Your task is to restate word for word the lines in the material below, from the one with "Skeleton With Electric" up to and including the one with "Smiling blonde man". Do not carry over the pictures.

◆ DATASET EXTRACT

* * * *

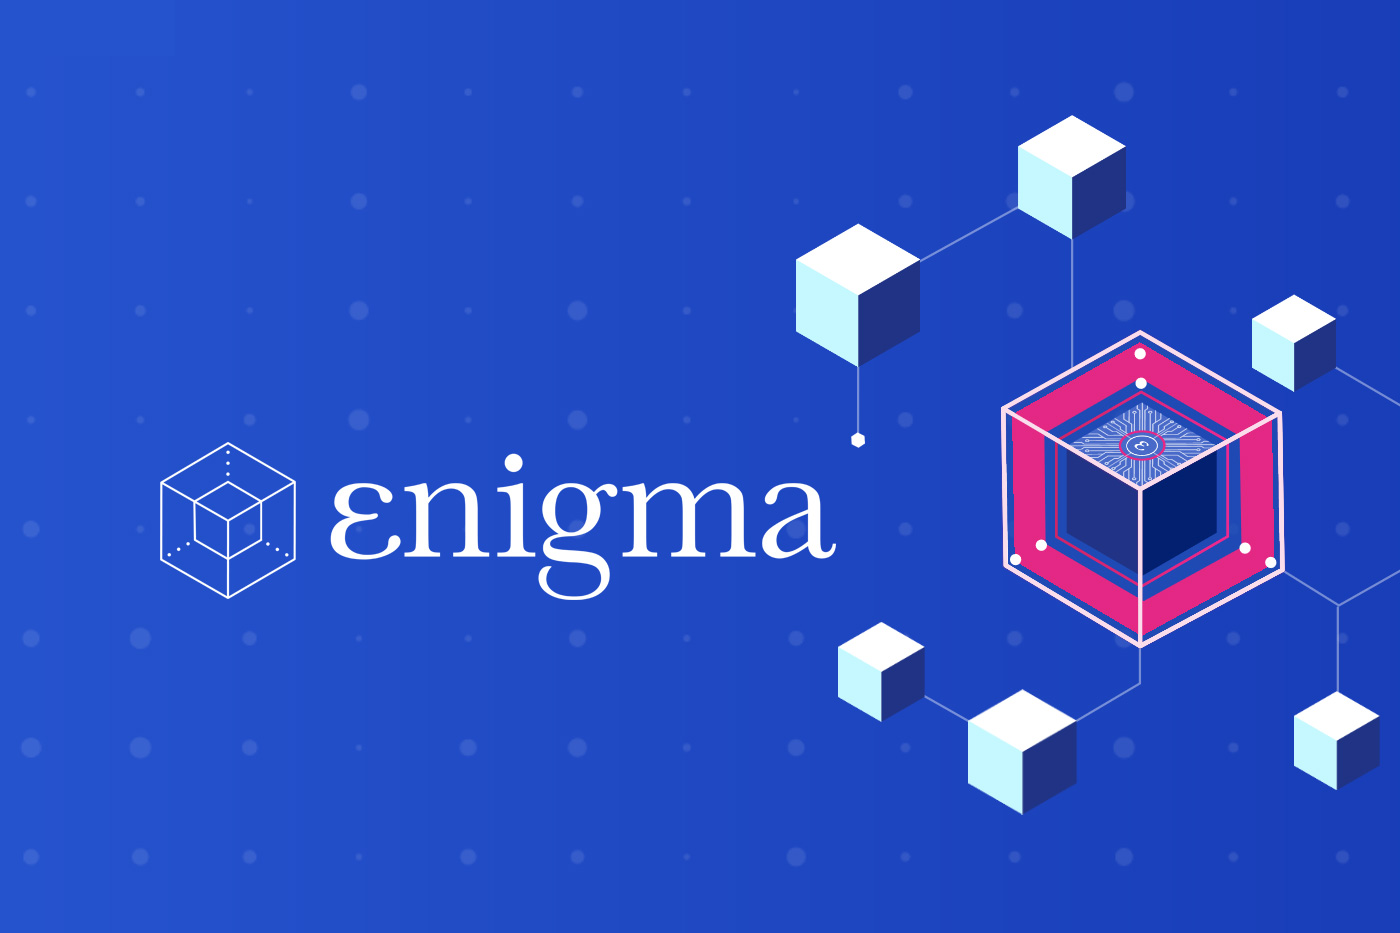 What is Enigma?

* * * *

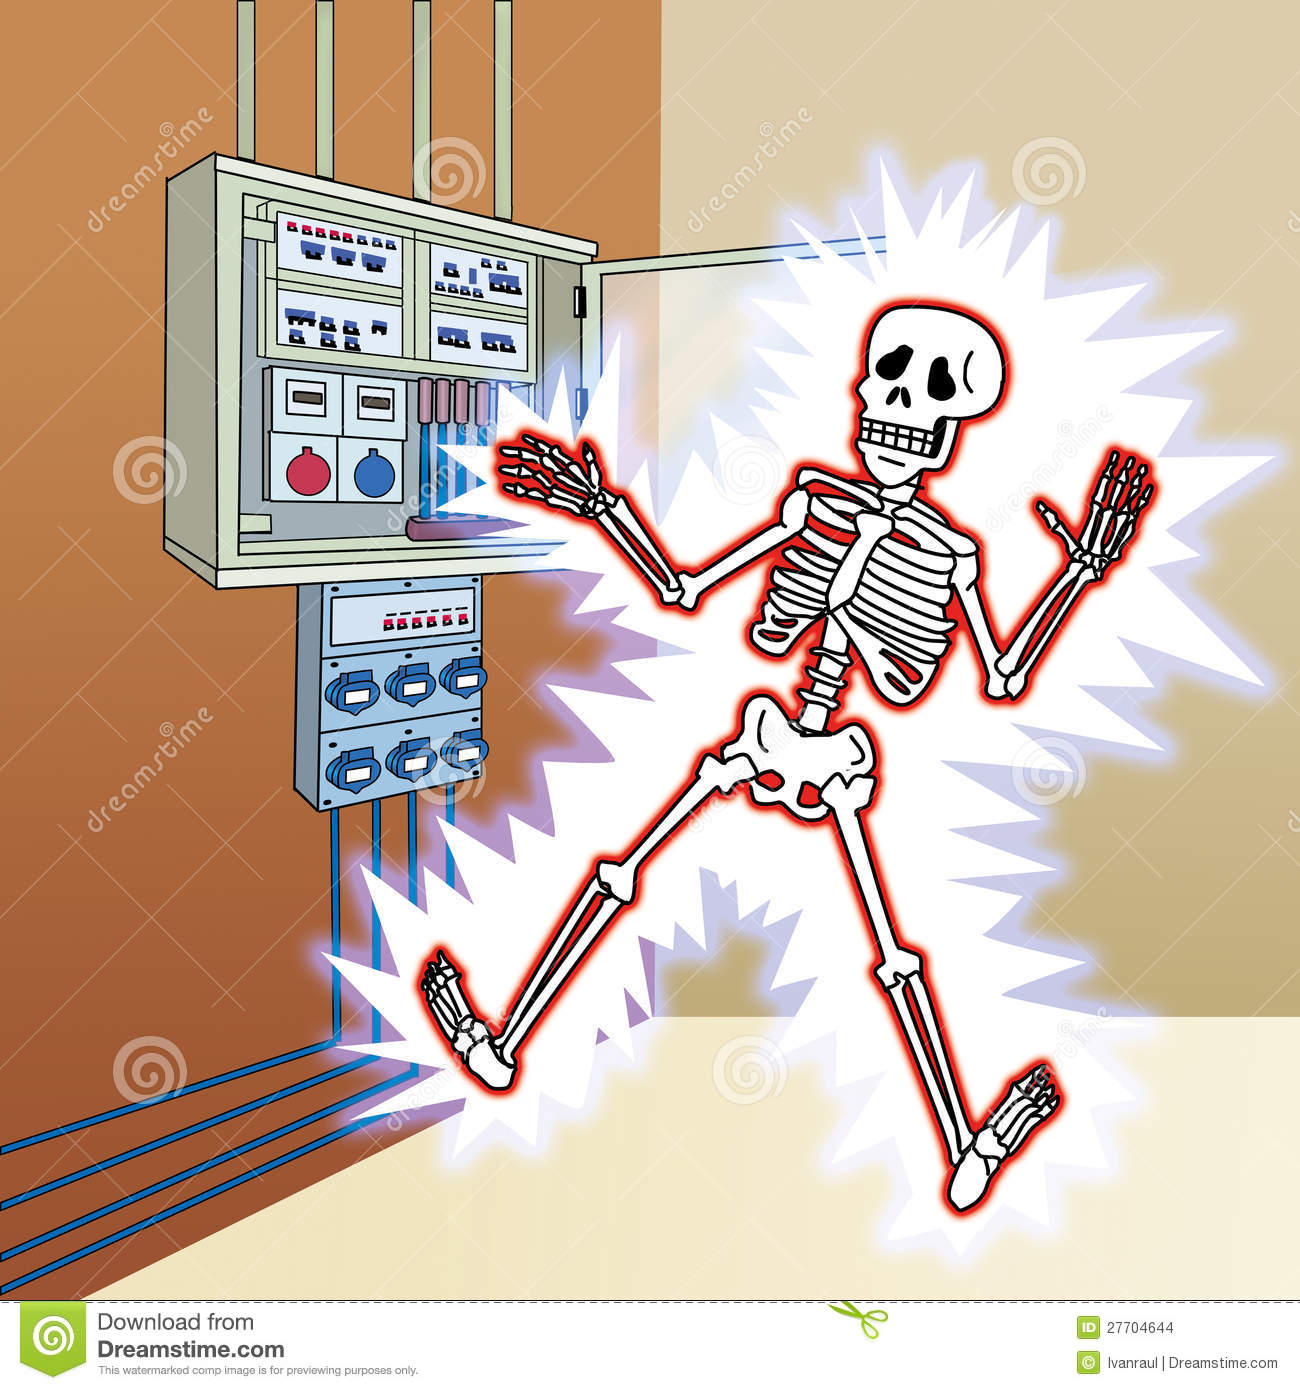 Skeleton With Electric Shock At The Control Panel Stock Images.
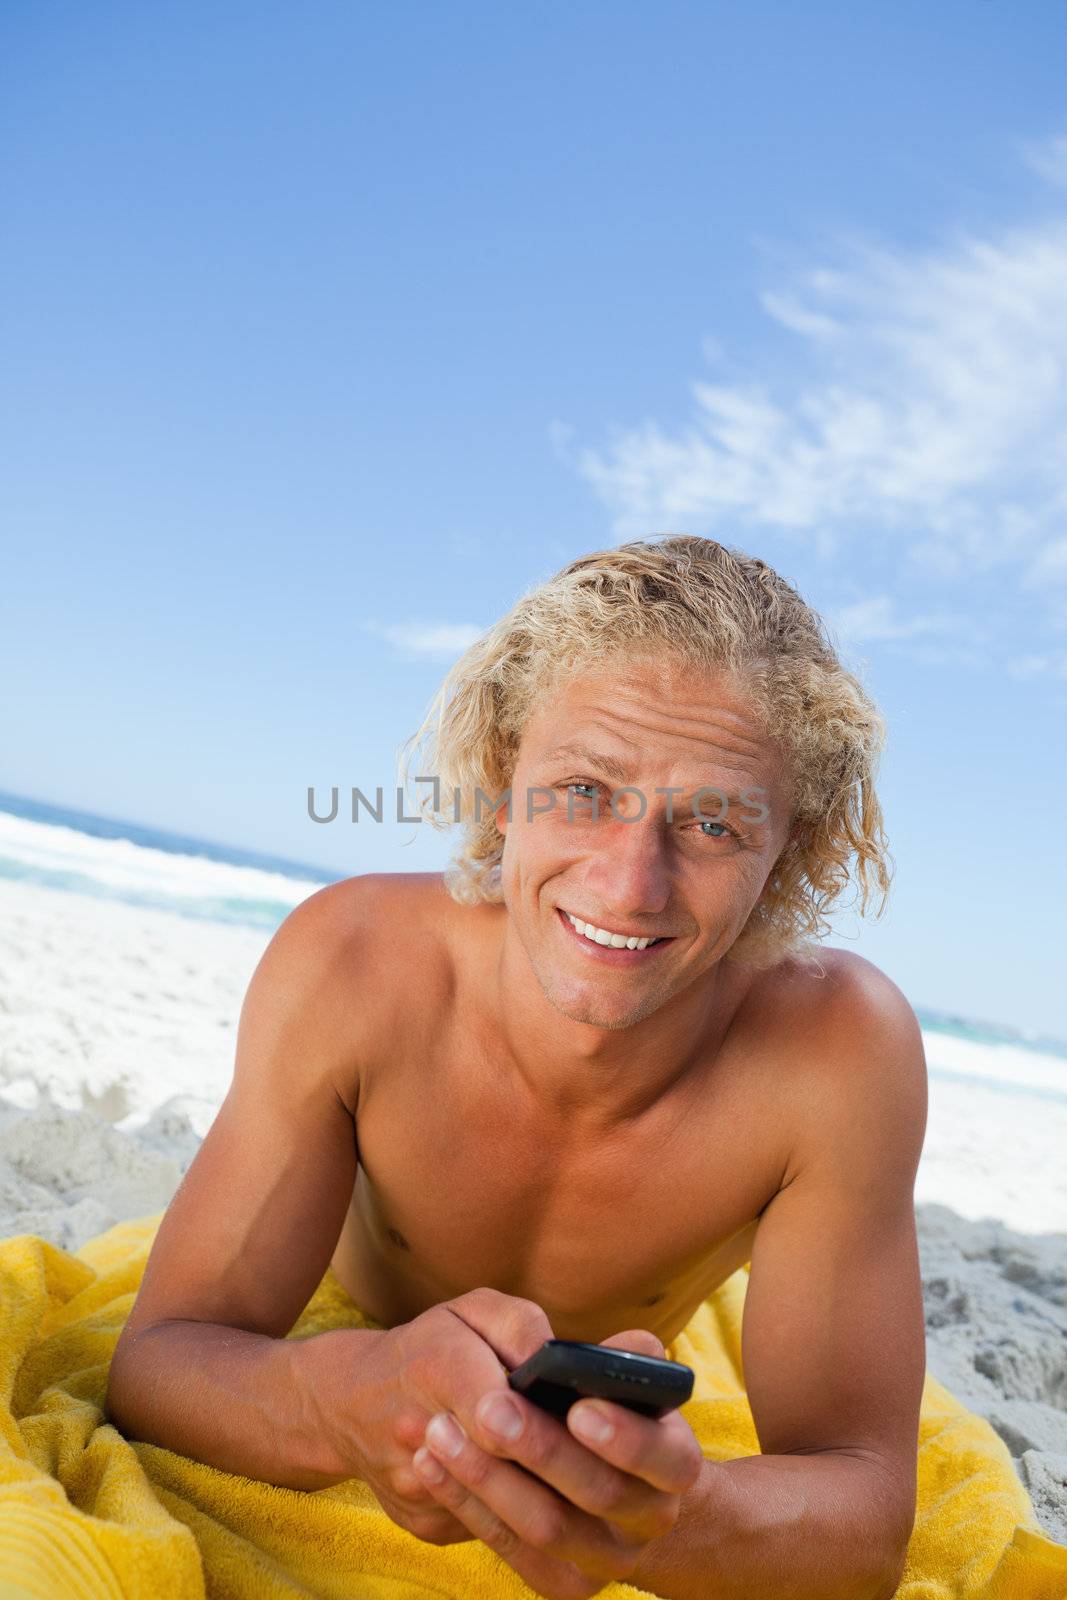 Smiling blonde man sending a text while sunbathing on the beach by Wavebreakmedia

* * * *

◆ RESPONSE TO THE TASK
 Skeleton With Electric Shock At The Control Panel Stock Images.
 Smiling blonde man sending a text while sunbathing on the beach by Wavebreakmedia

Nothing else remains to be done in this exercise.